# Upgrade from a Cervelo S1 - 2014 R3 or Wilier Cento Uno



## xand (Nov 25, 2009)

I'm currently using:

cervelo s1 2009 frameset
mavic kysrium ssc sl 
SRAM Rival 2009 components

I'm itchy for a change. Where I am I can get a 2014 R3 or a Wilier Cento Uno for about the same price, and I'm thinking of moving the components over. 

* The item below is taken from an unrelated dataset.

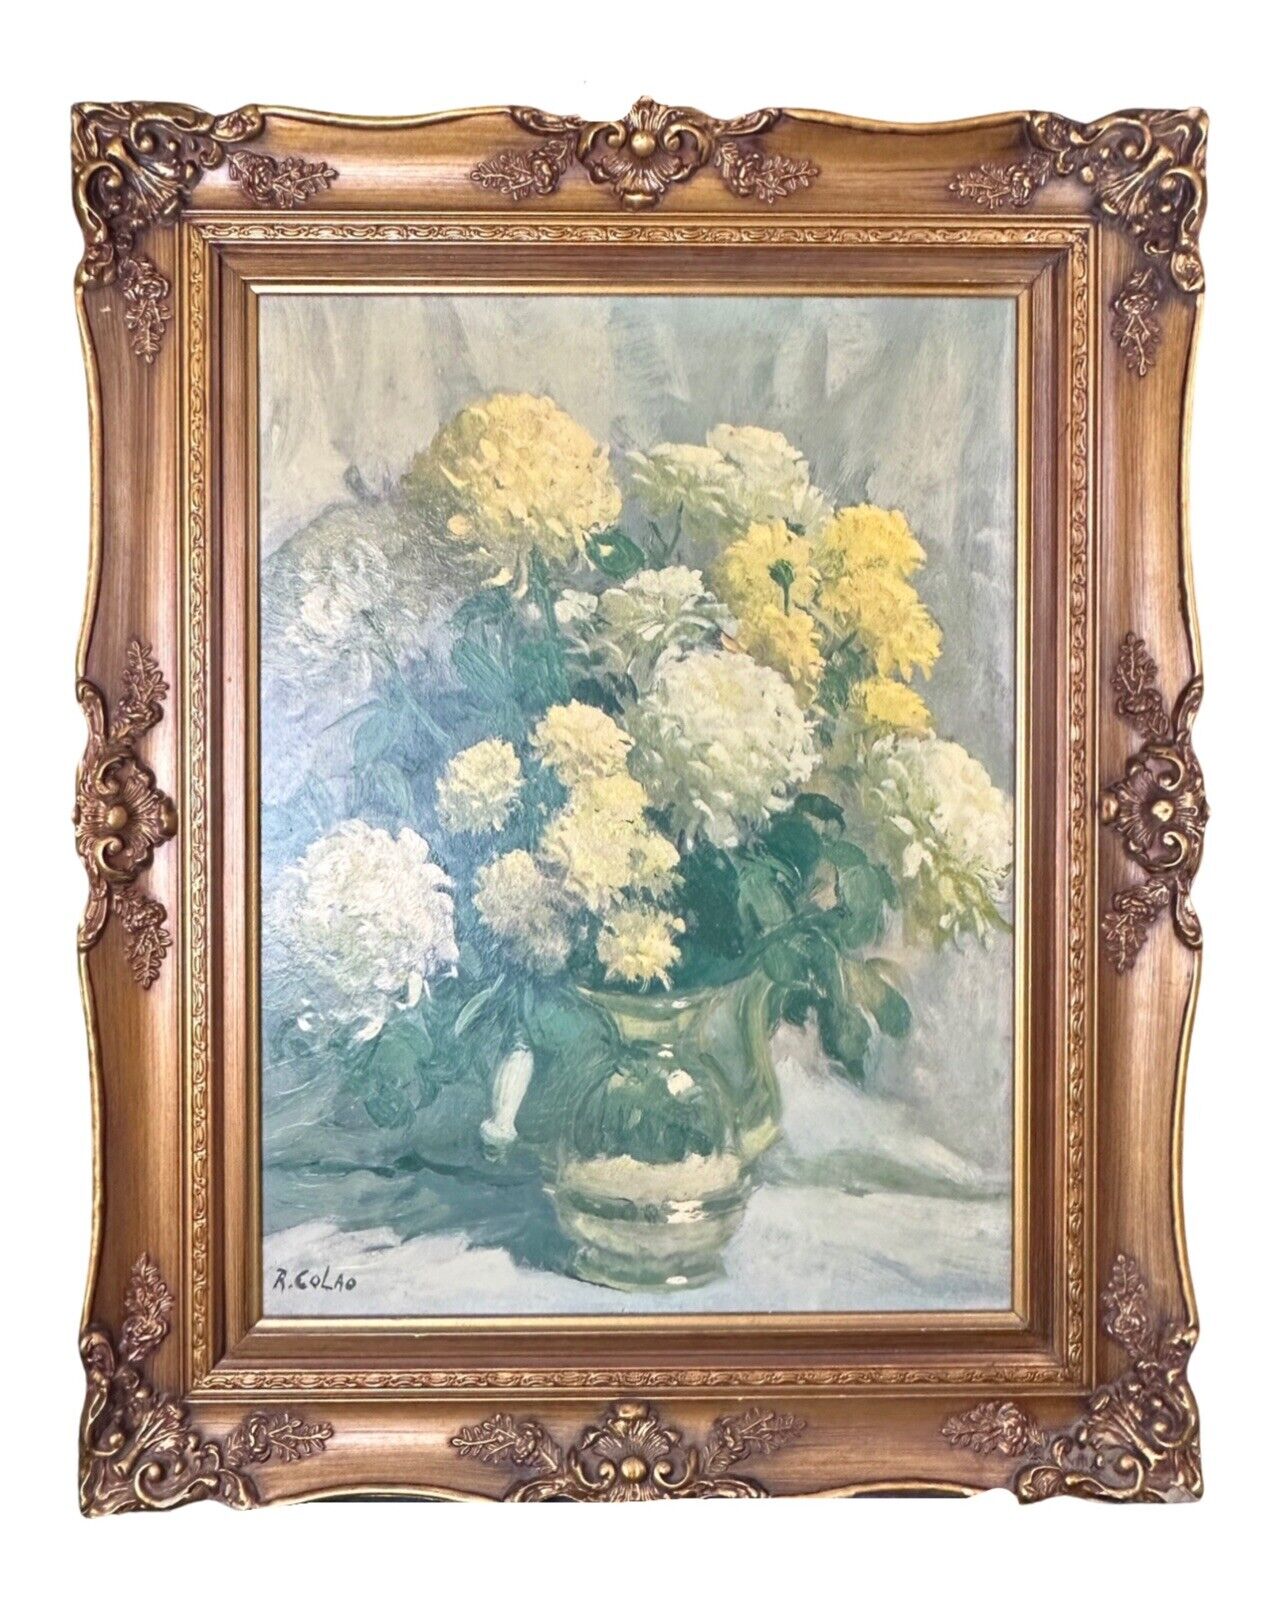 RALPH CAOLO Vintage Floral Still Life Lithograph in Carved Wood Frame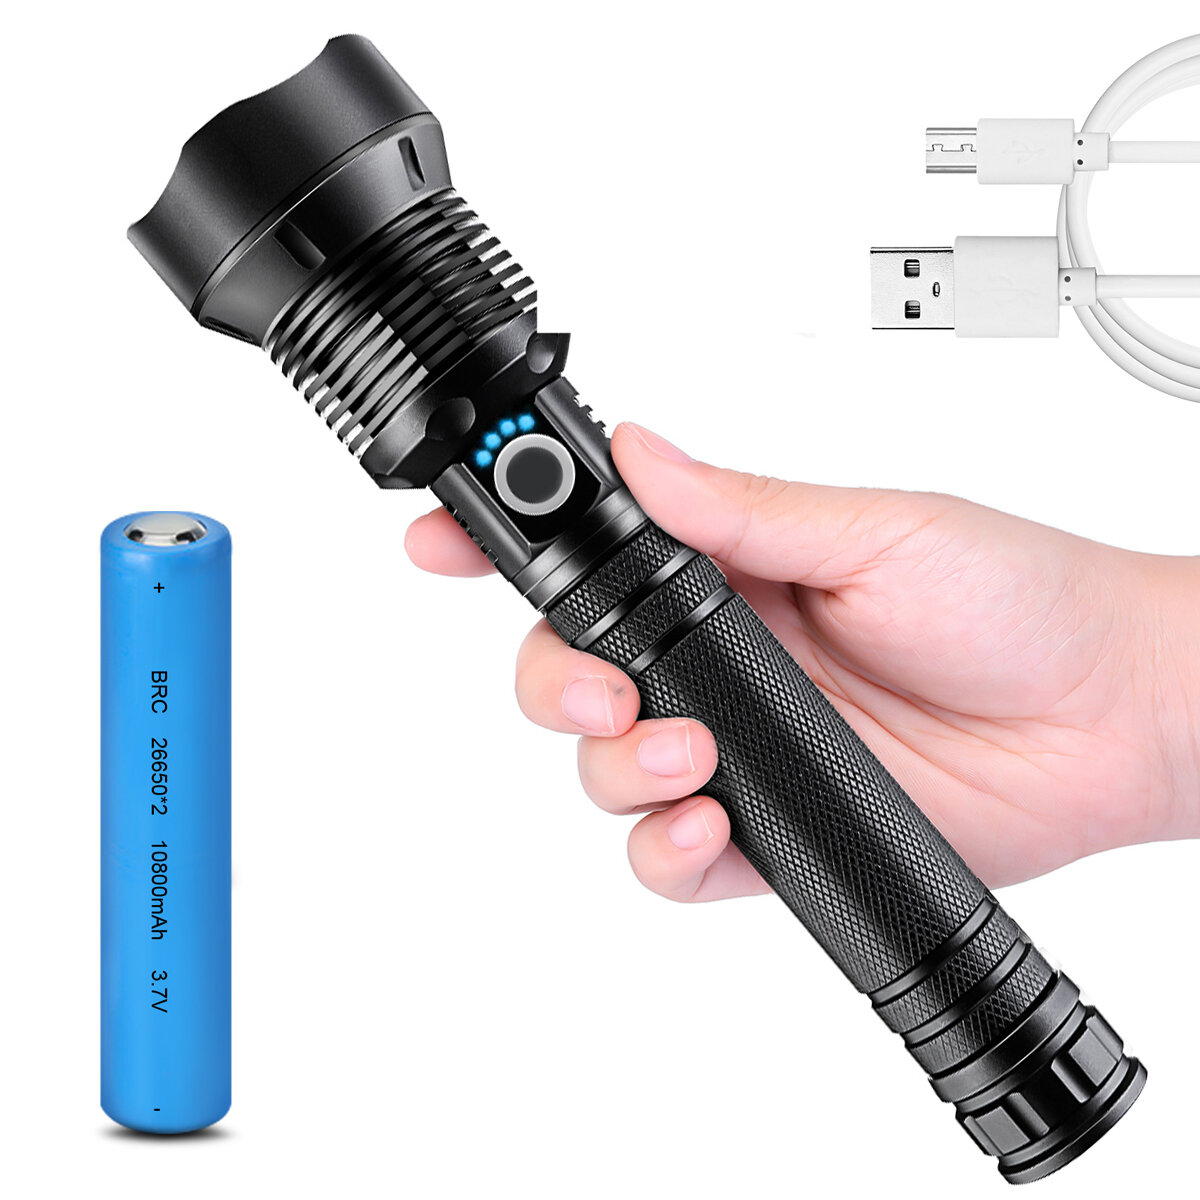 CHARMINER XPH90.2 USB Rechargeable Handheld Flashlight Kit with 18650 Battery USB Cable Adjustable Focus LED Torch

What do you reckon? Which frame and is there any significant issue in moving components over (I know I might need a new crank).


----------



## RoadrunnerLXXI (Jun 3, 2012)

You might as well upgrade the bike instead of moving the components over. The 2011 or newer Rival is better than its predecessors. It's lighter, shifter smoother and looks nicer IMO. You should consider upgrading to Force or Red.


----------



## xand (Nov 25, 2009)

RoadrunnerLXXI said:


> You might as well upgrade the bike instead of moving the components over. The 2011 or newer Rival is better than its predecessors. It's lighter, shifter smoother and looks nicer IMO. You should consider upgrading to Force or Red.


Cost saving measure  

Or do you mean just upgrade components?


----------



## RoadrunnerLXXI (Jun 3, 2012)

I meant buy the frame and buy the groupo you want to merge with the bike.


----------



## masi85 (Feb 20, 2007)

Competitive Cyclist is still selling Willier Izoard XP/Sram Rival bikes for $1799 in all sizes. I think you would notice a big difference compared to your current bike. From my personal experience this is a fantastic all round road bike that is especially good at climbing. You could sell your frame and older Rival group on Ebay and swap out the Reynolds wheels for you Kysrium SL's if they are still in good shape.


----------